The parties devised the original joint use agreement in October 1992 to share installation and maintenance costs of a new pool at the high school, as well as the refurbishment of the Artists’ Theatre. The 20-year pact also governed shared use of other venues, where each party waived fees for use of their respective facilities.

Over the past year, Mayor Kelly Boyd and Mayor Pro Tem Elizabeth Pearson worked with school board members Ketta Brown and Theresa O’Hare, as well as with City Manager John Pietig and district Superintendent Sherine Smith, to come up with a new agreement covering continued shared use of the various facilities.

Under the previous agreement, the district assumed costs to maintain the gym and fields, while the city shouldered 70 percent of the costs for the pool and tennis courts. Also, the city paid for the pool manager and lifeguards, while the district paid to maintain the pool building.

Instead of a single contract, the City Council this week approved a master joint use agreement with individual five-year agreements covering the pool, tennis courts, gymnasiums and fields, respectively.

Under the new terms, the city and district will still share pool expenses 70/30, but the city will take over the building maintenance.

For the tennis courts, an unofficial 70/30 cost sharing arrangement between the city and the district was formalized in the new pact.

With the exception of a $900,000 contribution towards expanding El Morro’s playing field in 2000, the city has not contributed towards maintenance of school gyms and fields.

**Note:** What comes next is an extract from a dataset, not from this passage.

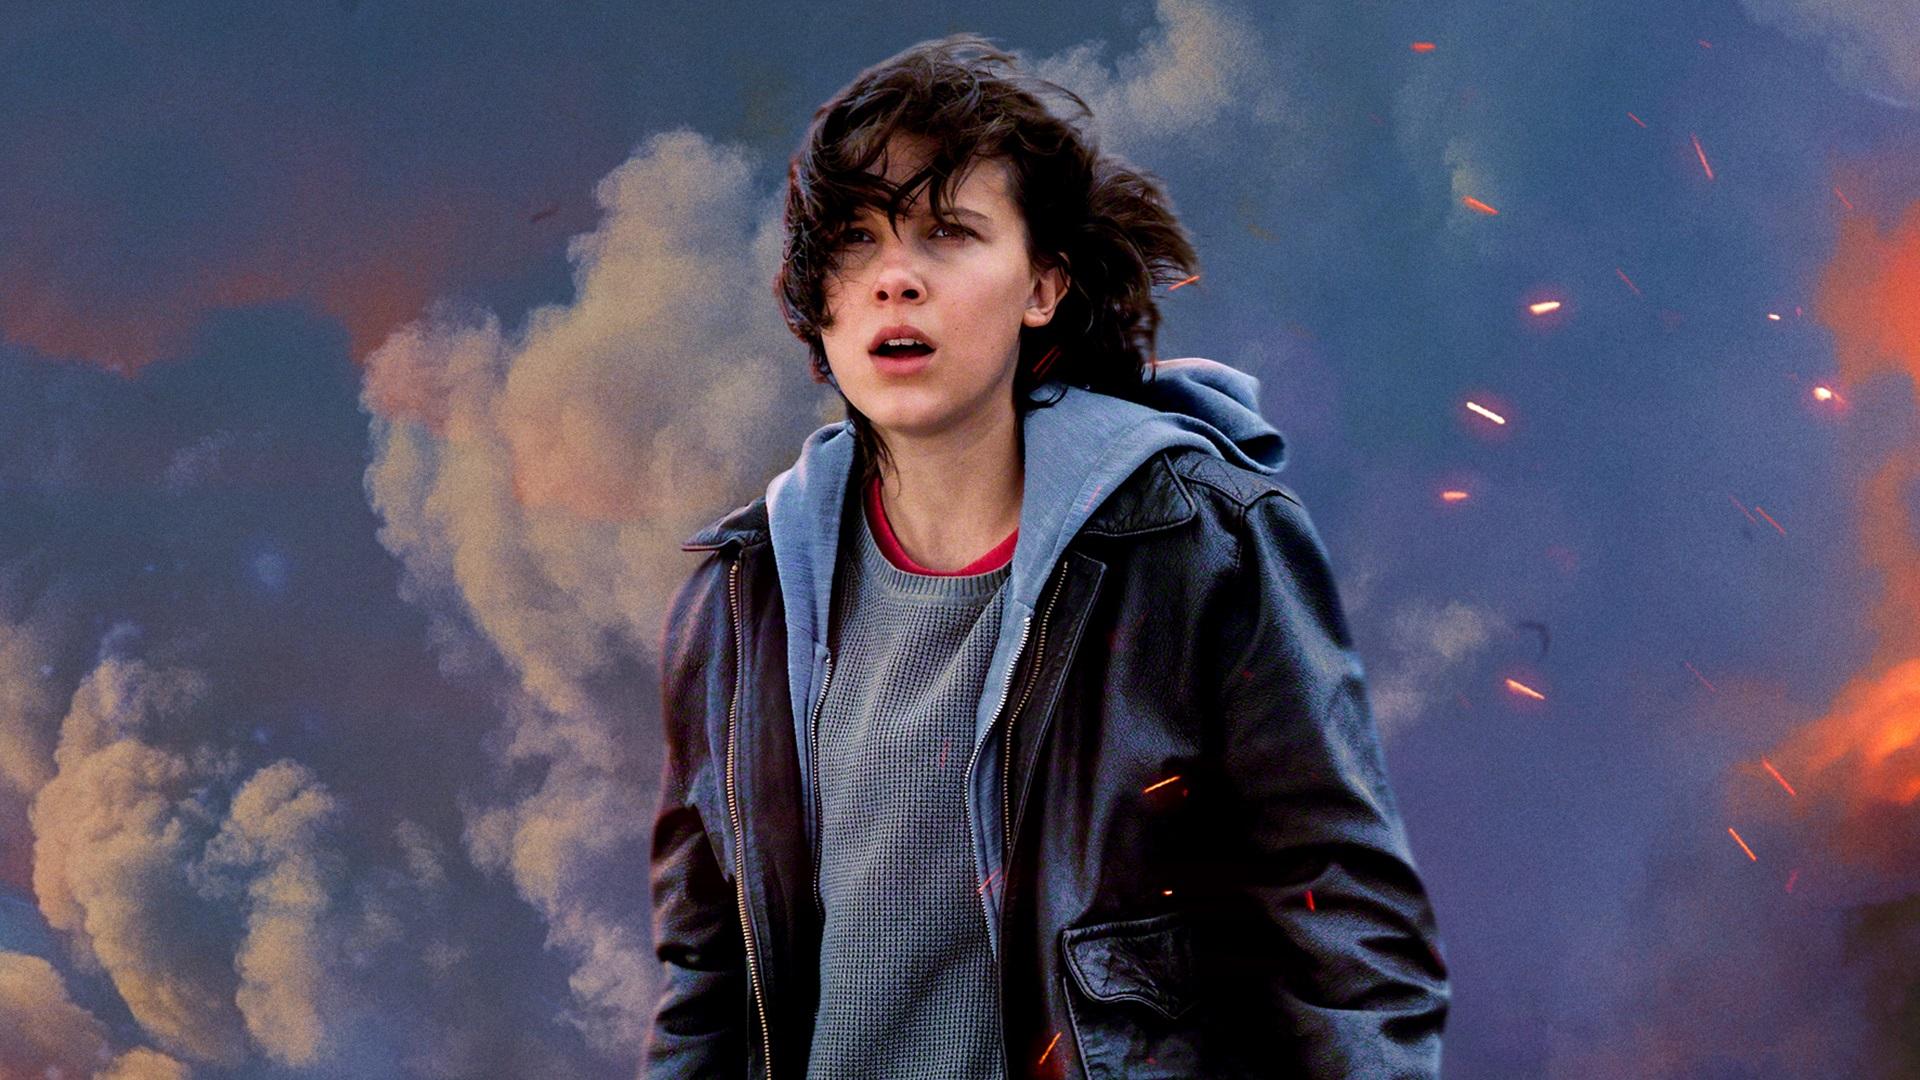 میلی بابی براون در نقش مدیسن / Godzilla: King of the Monsters | Courtesy of Warner Bros

But the new agreement “is where we start to diverge from the historical relationship,” Ben Siegel, deputy director of community services, told the council.

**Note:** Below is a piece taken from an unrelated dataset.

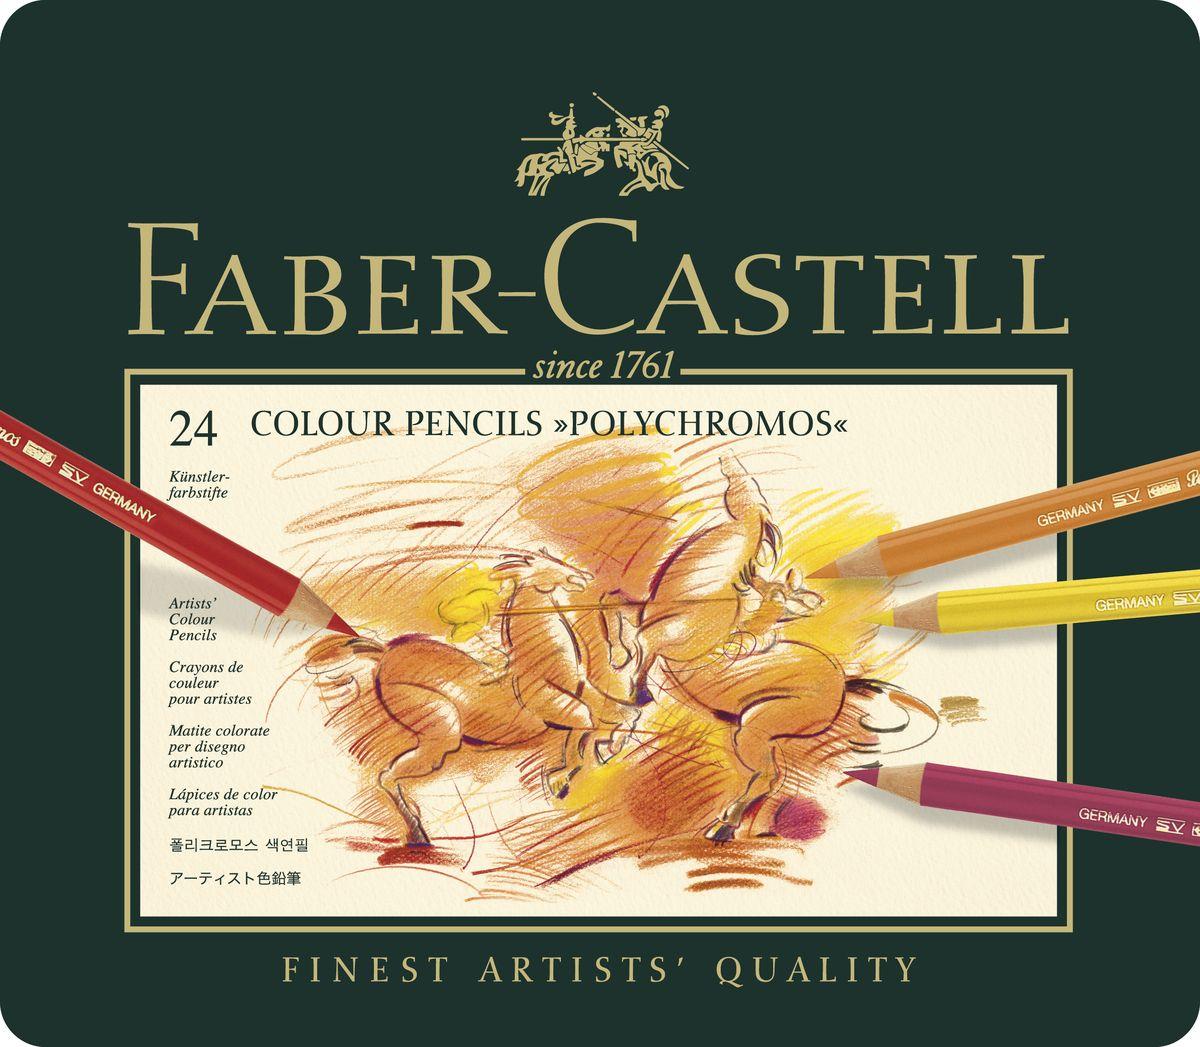 Faber-Castell Цветные карандаши Polychromos 24 цвета110024Цветные карандаши Faber-Castell Polychromos станут незаменимым инструментом для начинающих ипрофессиональныххудожников. В набор входят 24 карандаша разных цветов. Особенности карандашей:высокое содержание очень качественных пигментов гарантирует устойчивость к воздействию света и интенсивность;грифель толщиной 3,8 мм; гладкий грифель на основе воска водоустойчив, не размазывается.Набор цветных карандашей - это практичный художественный инструмент, который поможет вам в создании самыхвыразительных произведений. Карандаши упакованы в металлический пенал, благодаря чему их удобно хранить.

To offset janitorial and utility costs, the new agreements impose a 10 percent surcharge, phased in over two years, on fees for city recreation programs taking place on school facilities. Additionally, drop-in basketball players will now pay $3 instead of $2 currently charged to join a game of hoops. The surcharges on recreation and basketball drop-in fees will go entirely to the district and generate about $20,000 a year and $1,500 a year, respectively, said Siegel.

Separately, the master agreement stipulates that the city pay the district $25,000 a year for capital improvements over the five-year term.

The city will also pay for 70 percent of $620,000 in tennis court improvements, under the new agreement. The city has already budgeted $310,000 for the project and the remaining $125,000 will come from advance payment for five years of capital improvement contributions.

Siegel said the pool agreement will likely be amended by next May to address renovation; the city has already budgeted $200,000 toward the project.

Before approving the agreements, the City Council deliberated over a few sticking points.

If tennis court renovation included the addition of lighting, neighbors should be noticed in advance, Council member Toni Iseman said. “I want to make sure we protect our residents who are most potentially adversely affected,” agreed council member Steve Dicterow.

Iseman also lamented the lack of an agreement formalizing shared use of the Artists’ Theatre. “We’re just giving [the district] a pass,” she said.

Though the city contributed $300,000 to the refurbishment of the theater more than 20 years ago, scheduling use of the theater remains at the district’s prerogative, governed by a 2008 policy that provides for use by community groups, but prioritizes district use.

Siegel noted that the city tried to include the theater in the joint use agreement, but the district refused.